Data segment:
[Start of Attachment]

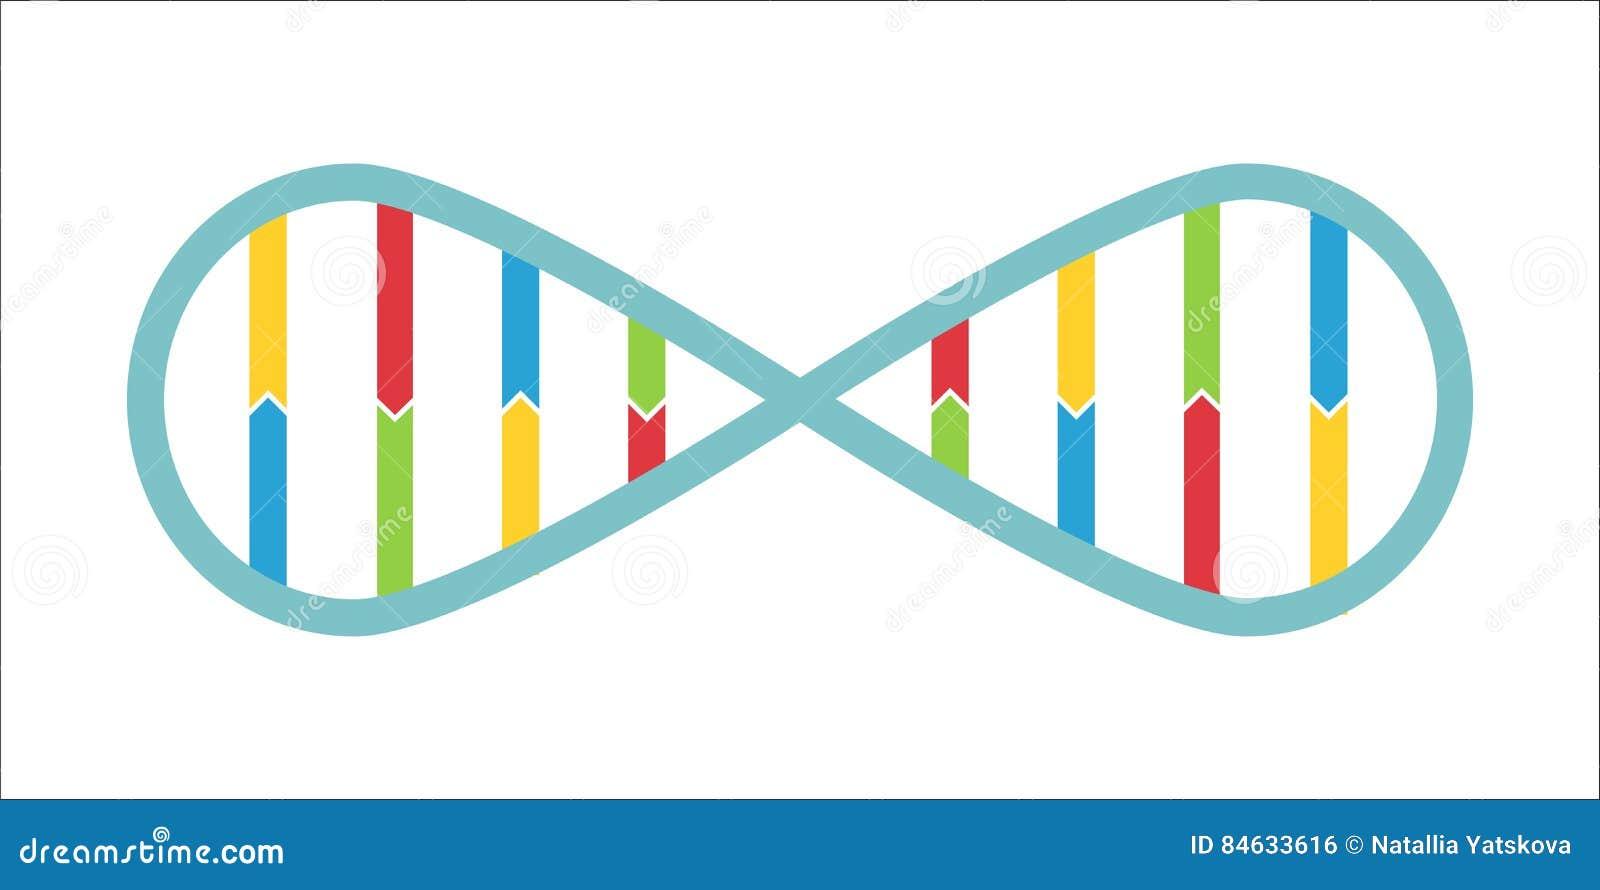 Dna spiral in infinity symbol stock vector illustration 84633616 dna spiral in infinity symbol buycottarizona
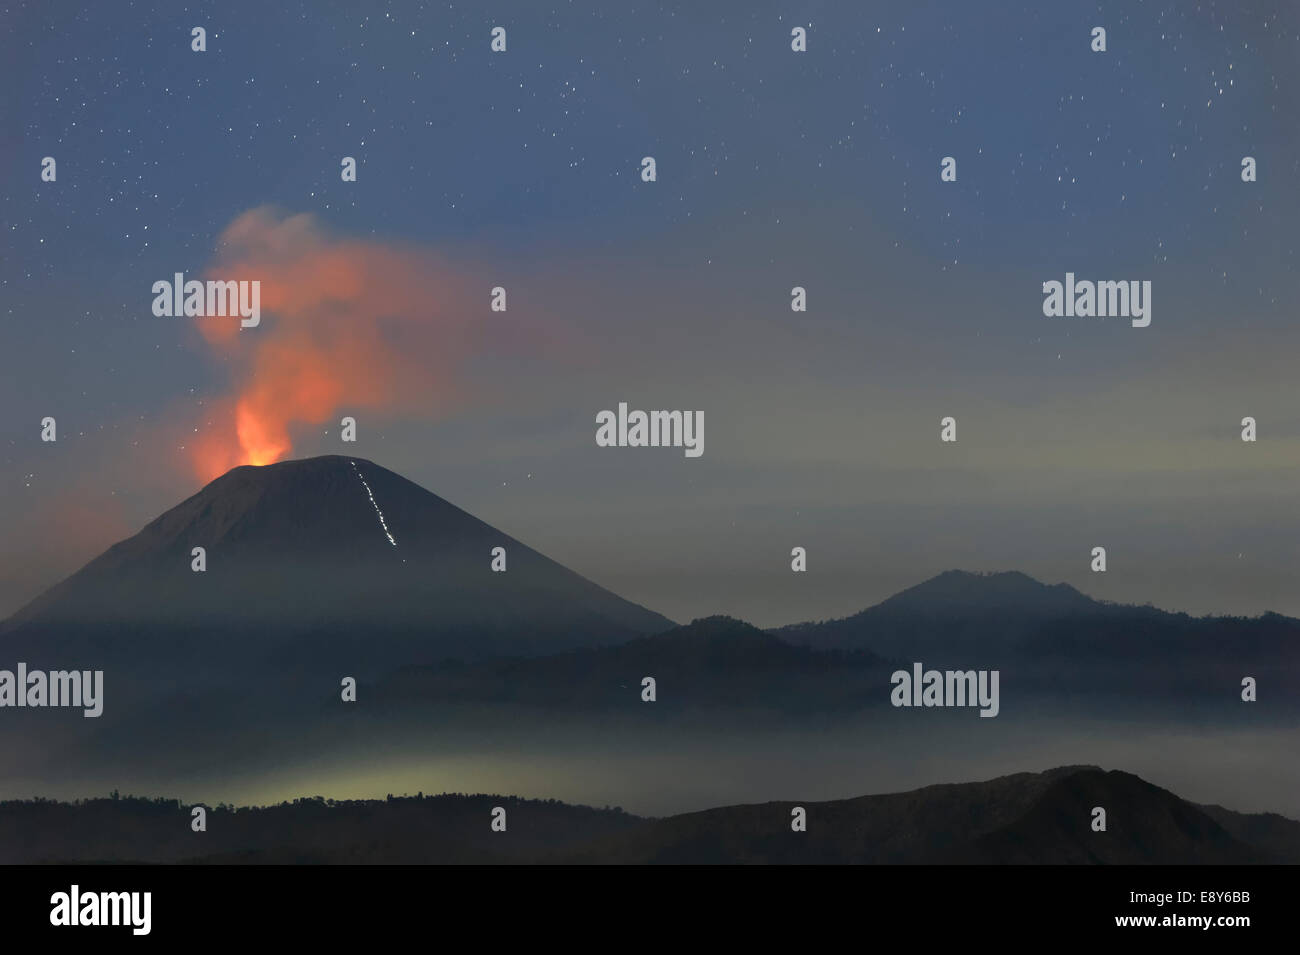 Active Gunung Bromo volcano at night, Bromo-Tengger-Semeru National Park, Java, Indonesia, Asia - Stock Image
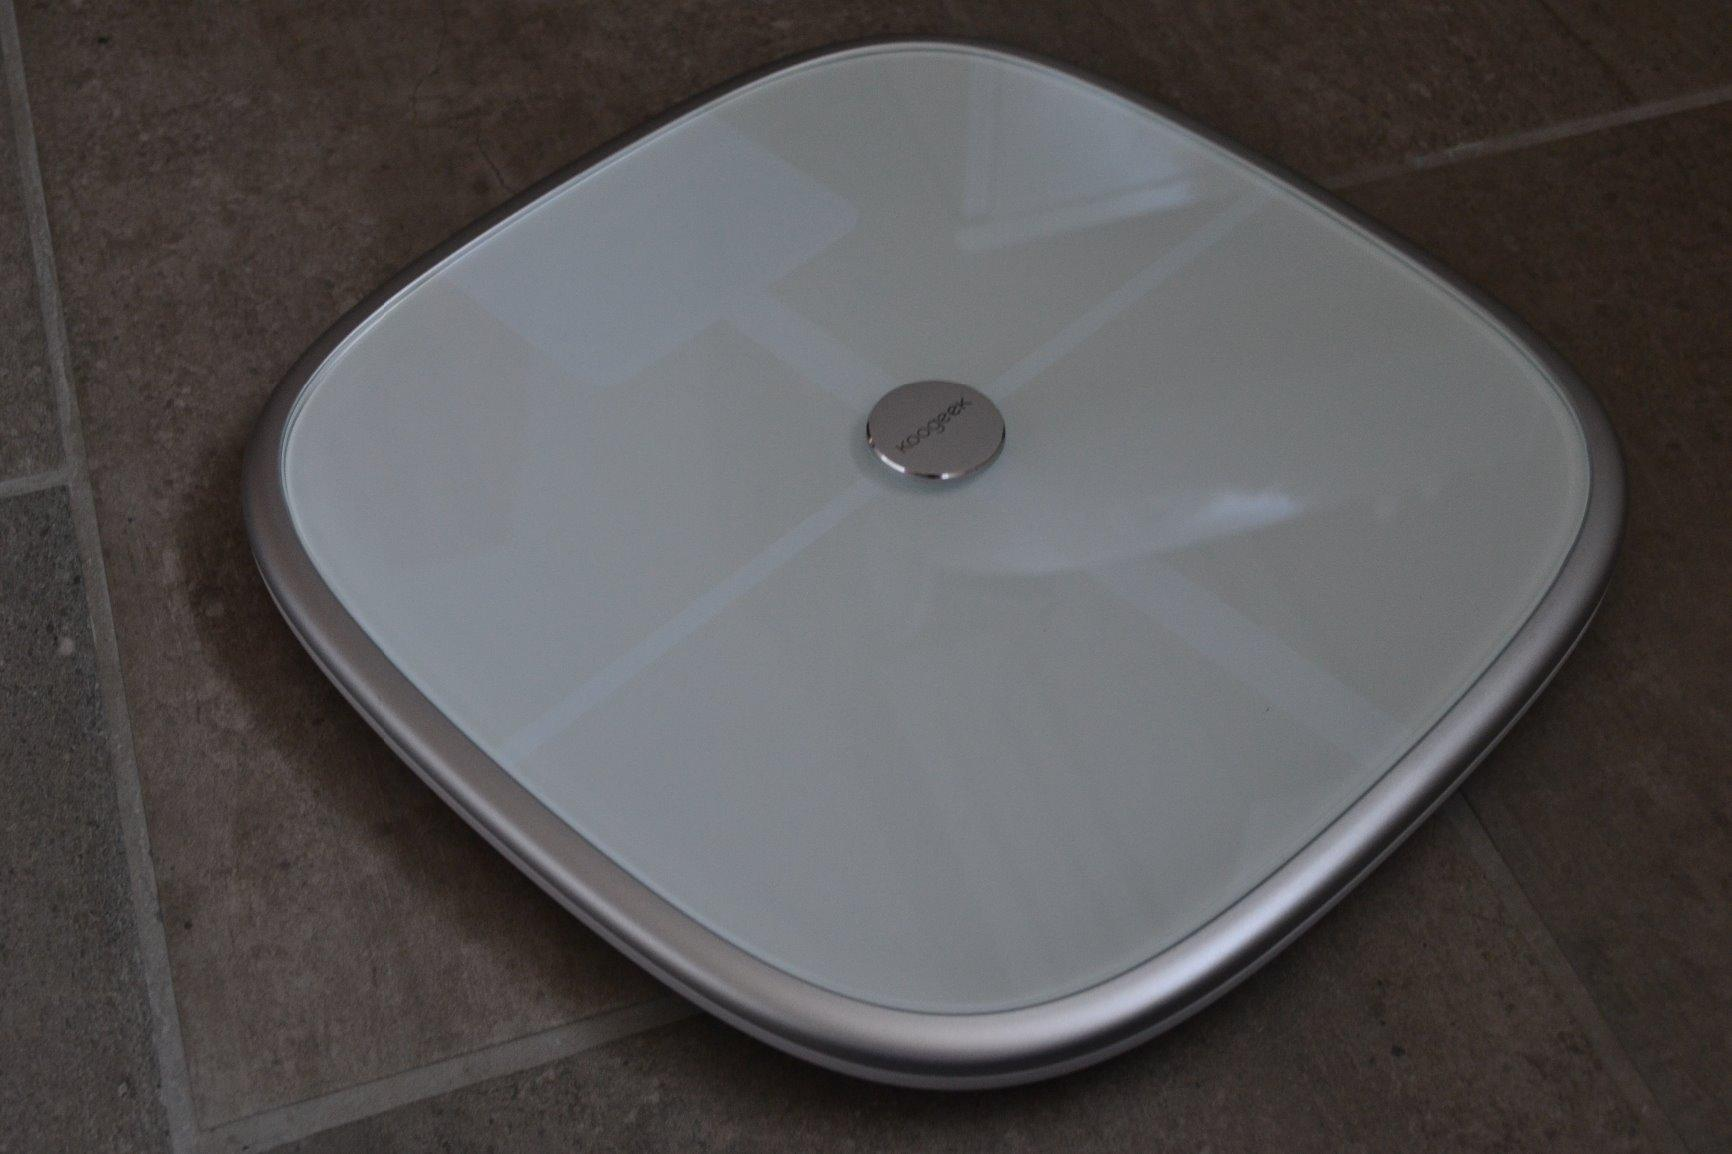 Koogeek Smart Health Scale Bluetooth Wifi Sync Measures

[End of Attachment]

Set down the material above word for word and skip its pictures.

Written reply:
 Dna spiral in infinity symbol stock vector illustration 84633616 dna spiral in infinity symbol buycottarizona
 Active Gunung Bromo volcano at night, Bromo-Tengger-Semeru National Park, Java, Indonesia, Asia - Stock Image
 Koogeek Smart Health Scale Bluetooth Wifi Sync Measures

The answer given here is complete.